If you have a debugger that can do a memory-access breakpoint (a bit more fancy than the usual execution breakpoint), then you can set a breakpoint in a particular stack location—such as the farthest limit of your stack space. That can be extremely useful, because it also shows you exactly what bit of code is running when it reaches that extent of stack usage. But it requires your debugger to support the memory-access breakpoint feature and it's often not found in the "low-end" debuggers.
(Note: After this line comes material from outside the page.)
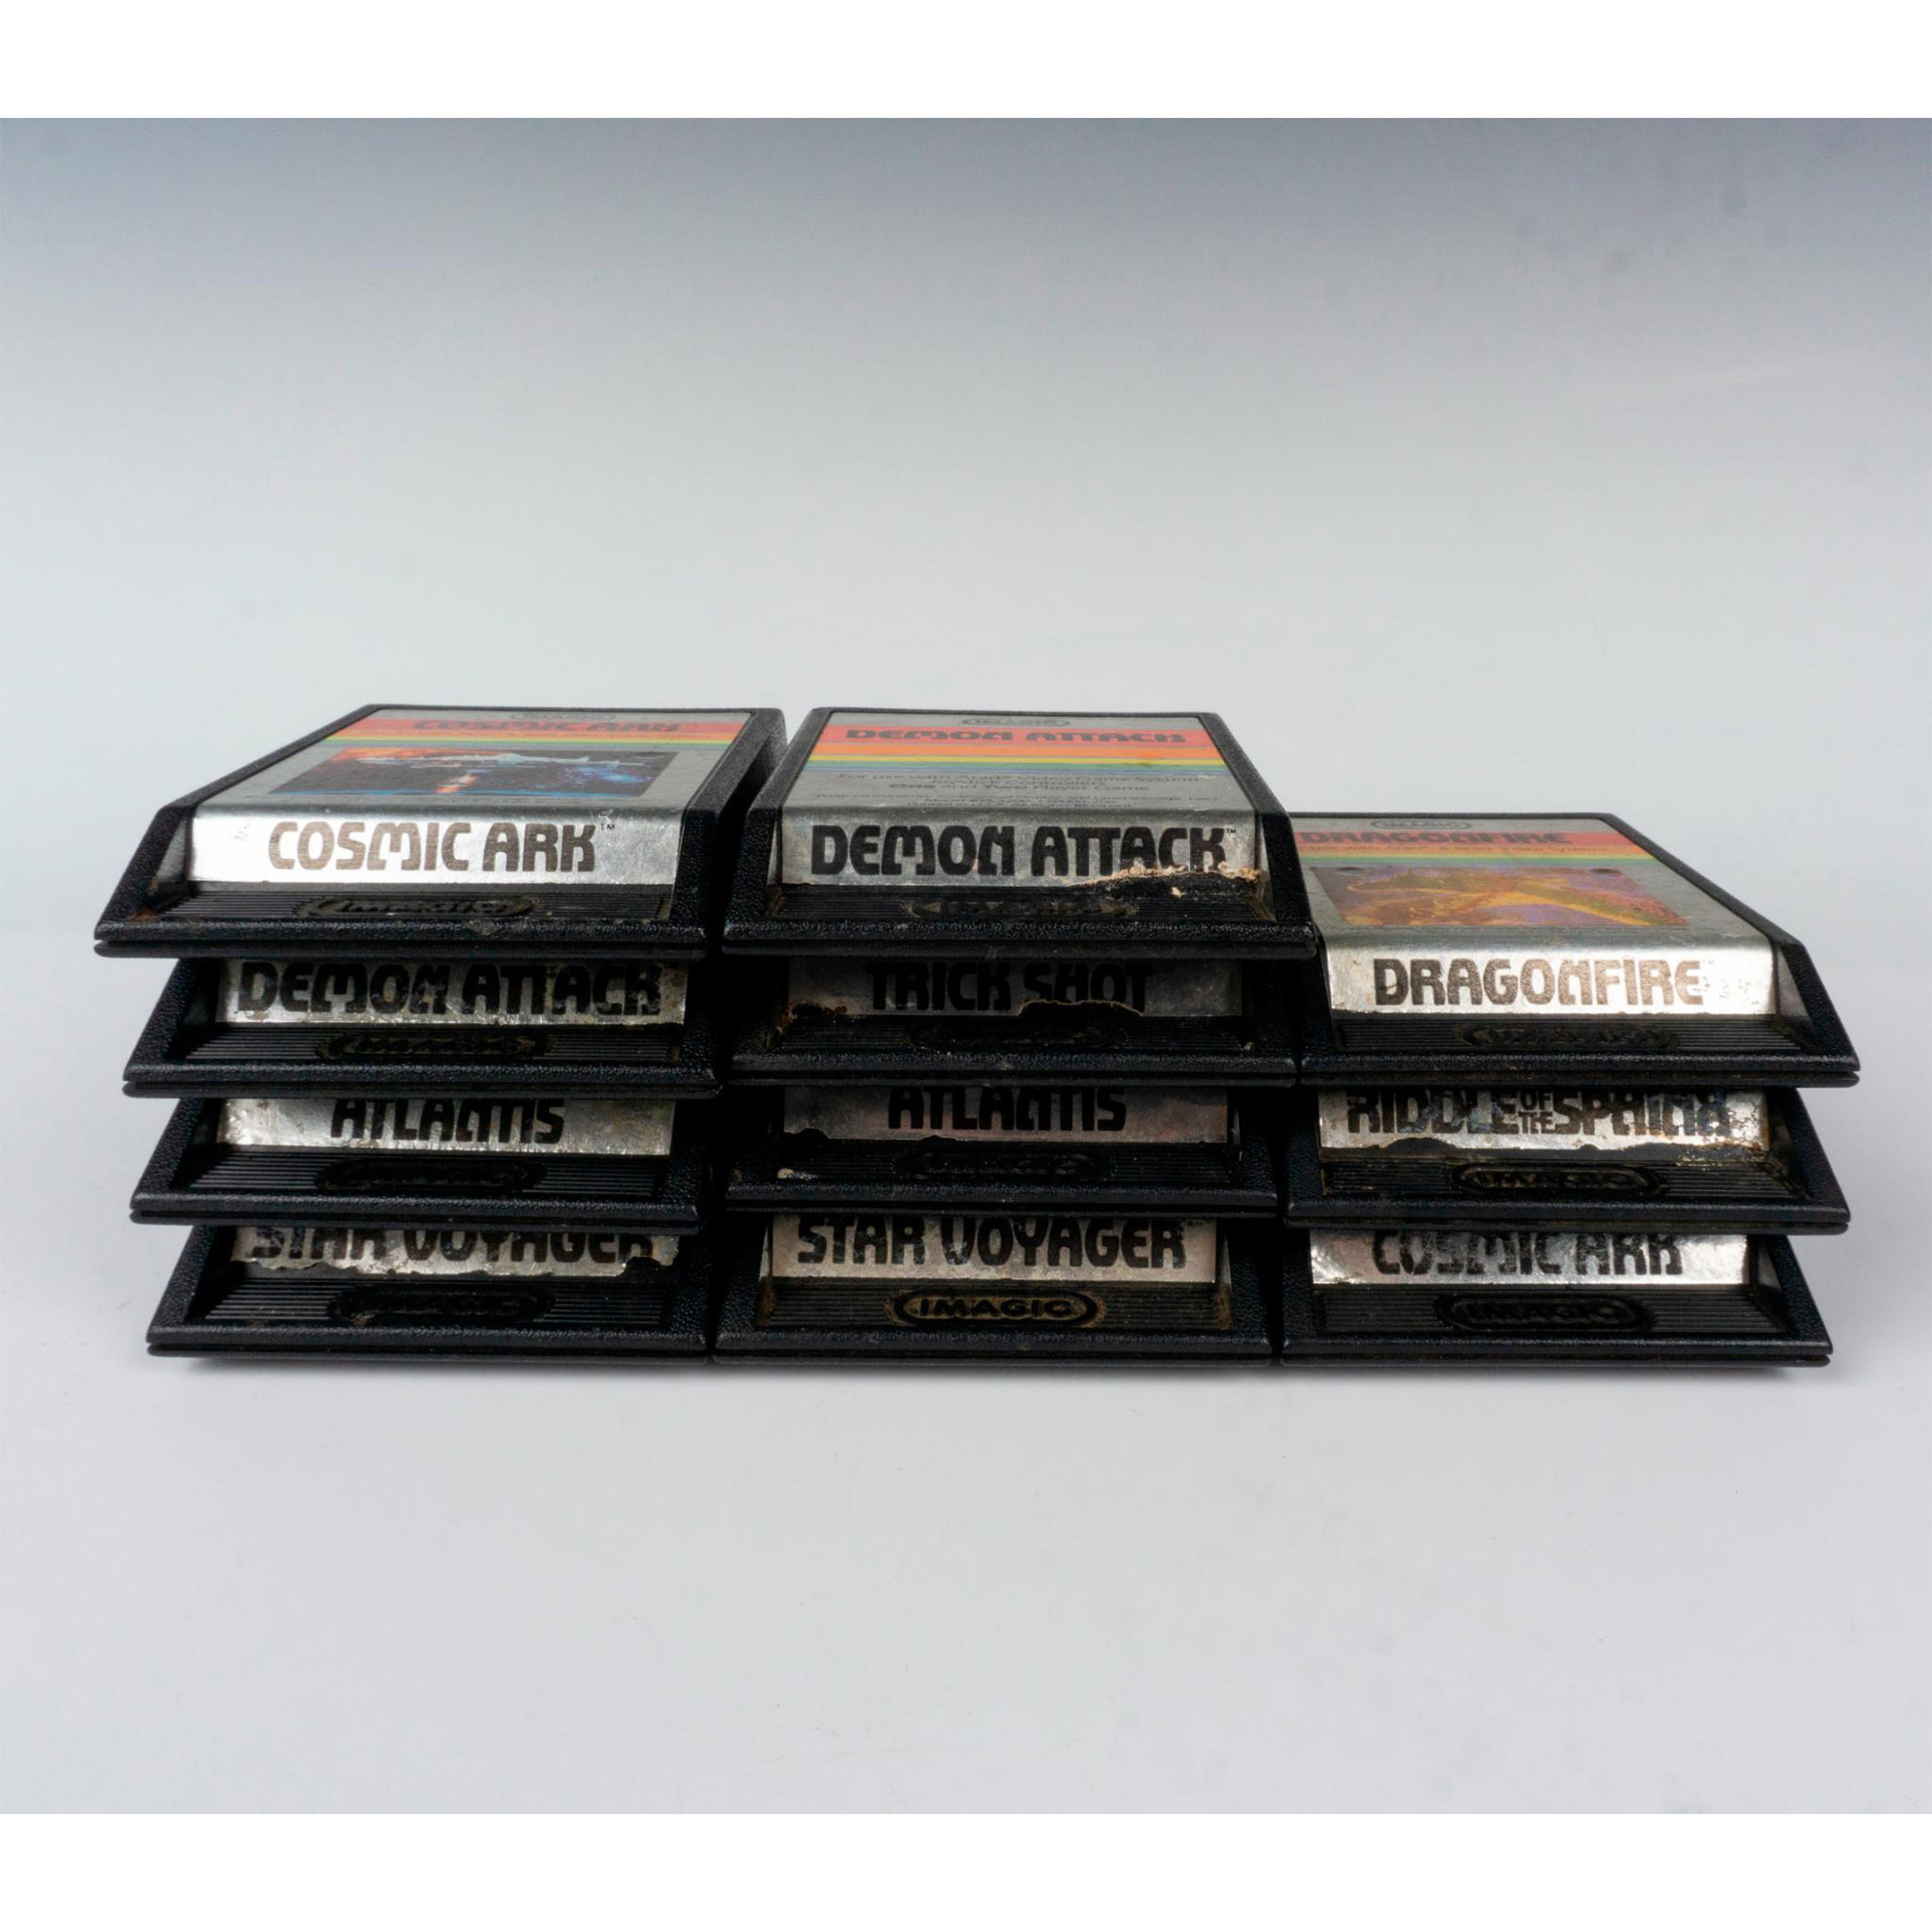 11 Assorted Atari Imagic Video Games Cartridges - Image 3 of 3

If you're also using heap, then it can be a bit more complicated because it may be impossible to predict where stack and heap will collide.

Craig McQueen
A: 

If you can edit the code for your heap, you could pad it with a couple of extra bytes (tricky on such low resources) on each block of memory. These bytes could contain a known pattern different from the stack. This might give you a clue if it collides with the stack by seeing it appear inside the stack or vice versa.

DoxaLogos
The pattern could be checked in the free function, but it will still be hard to find out when the error occured.Also note that sometimes extra stack space is reserved for local variables that might not be used (depends on compiler/code). In that case the patters could be left unaltered while the heap is still corrupted.
Ron
+1  A: 

Assuming you're using just one stack (so not an RTOS or anything) and that the stack is at the end of the memory, growing down, while the heap is starting after the BSS/DATA region, growing up. I've seen implementations of malloc that actually check the stackpointer and fail on a collision. You could try to do that.
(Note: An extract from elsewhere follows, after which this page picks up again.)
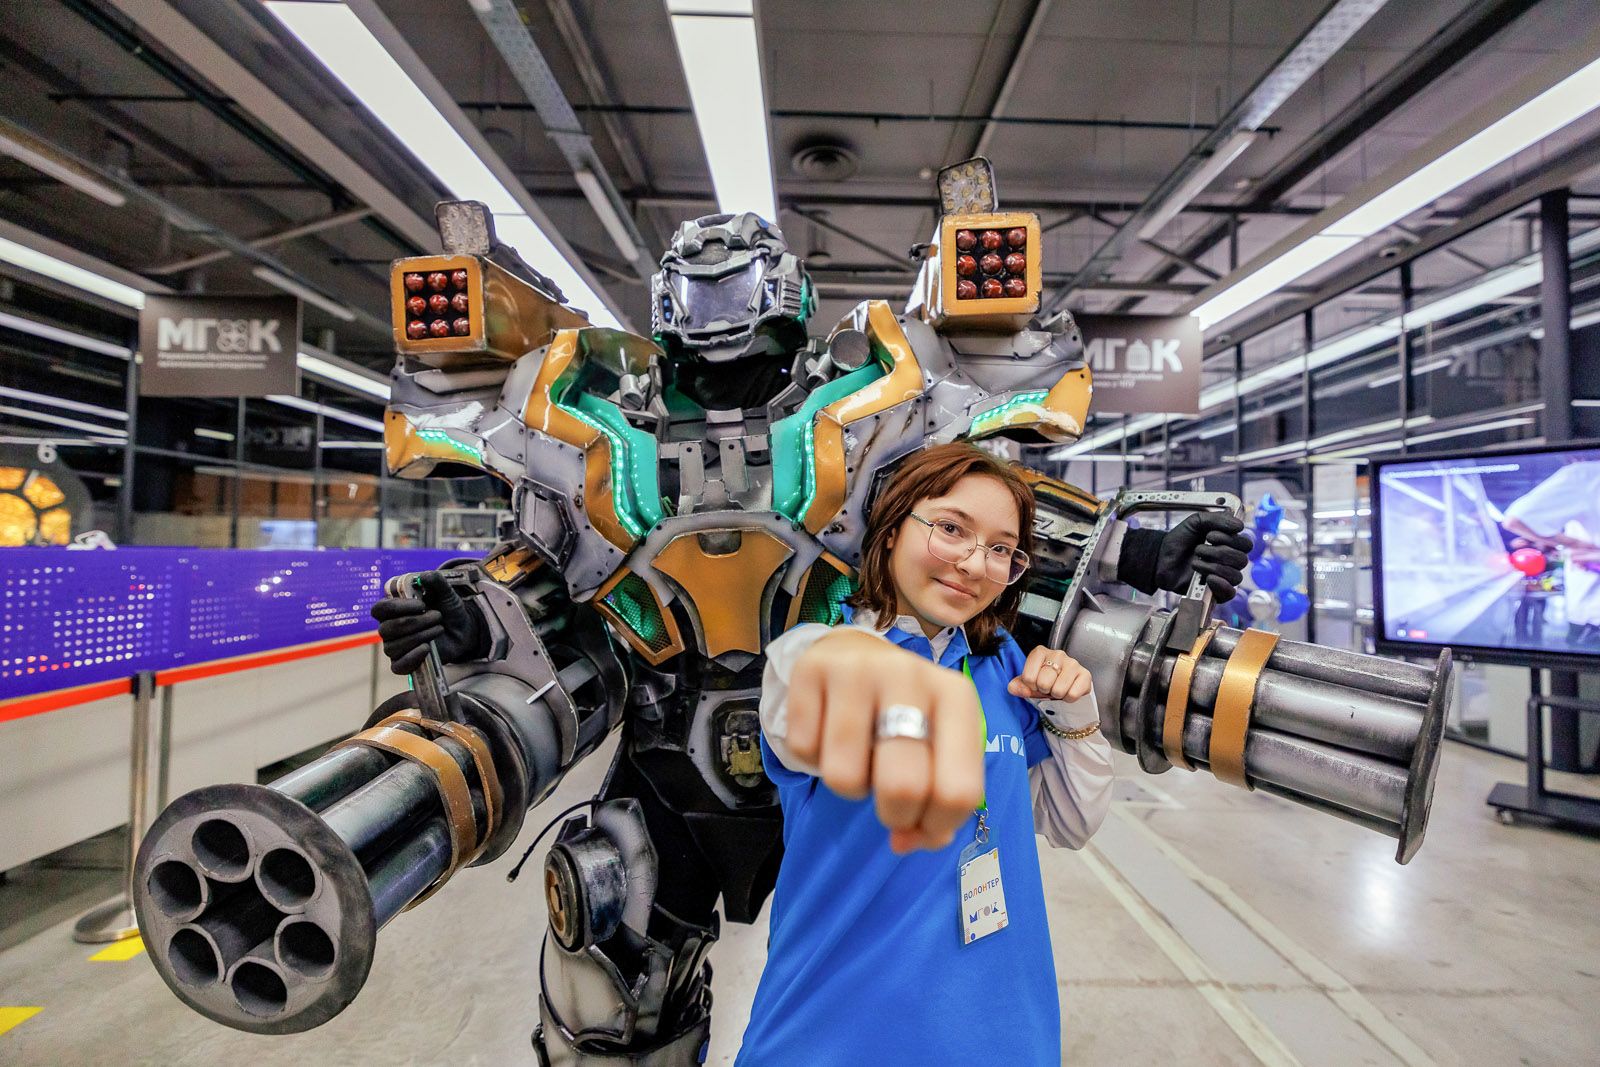 Битва роботов и иммерсивное шоу: в Москве пройдет фестиваль колледжей, фото

If you're not able to adapt the malloc code, you could choose to put your stack at the start of the memory (using the linker file). In general it's always a good idea to know/define the maximum size of the stack. If you put it at the start, you'll get an error on reading beyond the beginning of the RAM. The Heap will be at the end and can probably not grow beyond the end if it's a decent implemantation (will return NULL instead). Good thing is you know have 2 separate error cases for 2 separate issues.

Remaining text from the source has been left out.